C=\Bigg{\{}\frac{c_{s}}{h},\frac{c_{s}+c_{f}}{h},\frac{c_{s}}{h}+c_{o},\frac{c_{r}+c_{s}}{h}+c_{o}B_{h}\Bigg{\}},

where $c_{s}$ is the sampling cost, $c_{f}$ is the false alarm cost, $c_{r}$ is the true alarm (repair) cost and $c_{o}$ is the out-of-control operation cost per unit time. This cost item will be investigated in more detail in the sequel.

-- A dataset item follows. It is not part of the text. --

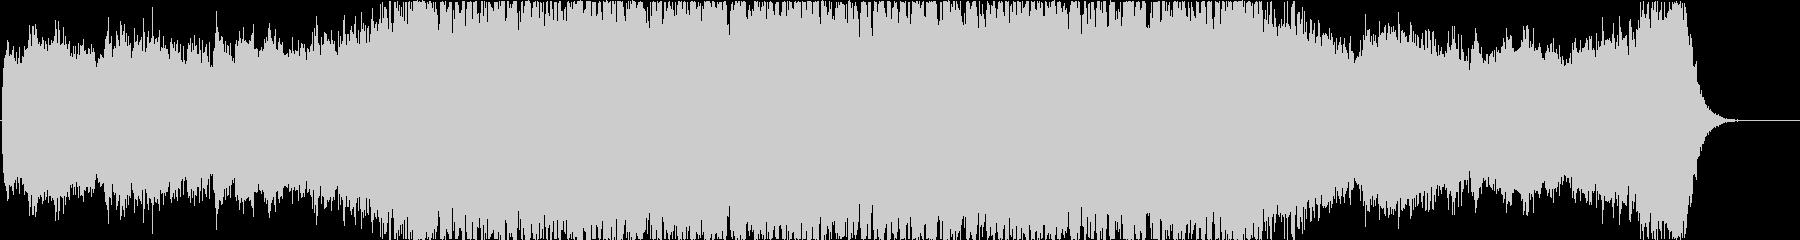 ファンタジー ゲーム OP 001の未再生の波形

The relationship between the distance from $\mu_{0}$ and the resulting costs are often based on a Taguchi-type loss function (Montgomery, 2009). This means that a squared loss function is assumed. The expected out-of-control operation cost can be written as the expectation of a function of the distance from the target value. At (1) the shift size distribution was defined for a given time $t$ , but this time we are interested in calculating the expected cost for a whole interval. Formally, we intend to calculate the area ${\cal C}_{h,j}^{2}$ under the curve $\{t,E((H_{t_{0},j}(t))^{2})\}=\int_{t_{0}}^{t_{0}+h}E((H_{t_{0},j}(t))^{2})dt$ , where $t_{0}\leq t\leq t_{0}+h$ and $H_{t_{0},j}$ is the shifted mean-process (its unconditional distribution function $Z_{t}$ was given in (1)) upon the condition that $H(t_{0})=j$ . Note that the area under the curve is the total cost generated in a time interval, the expected cost per unit time for practical use can be calculated from this value by simply dividing with the length of the interval.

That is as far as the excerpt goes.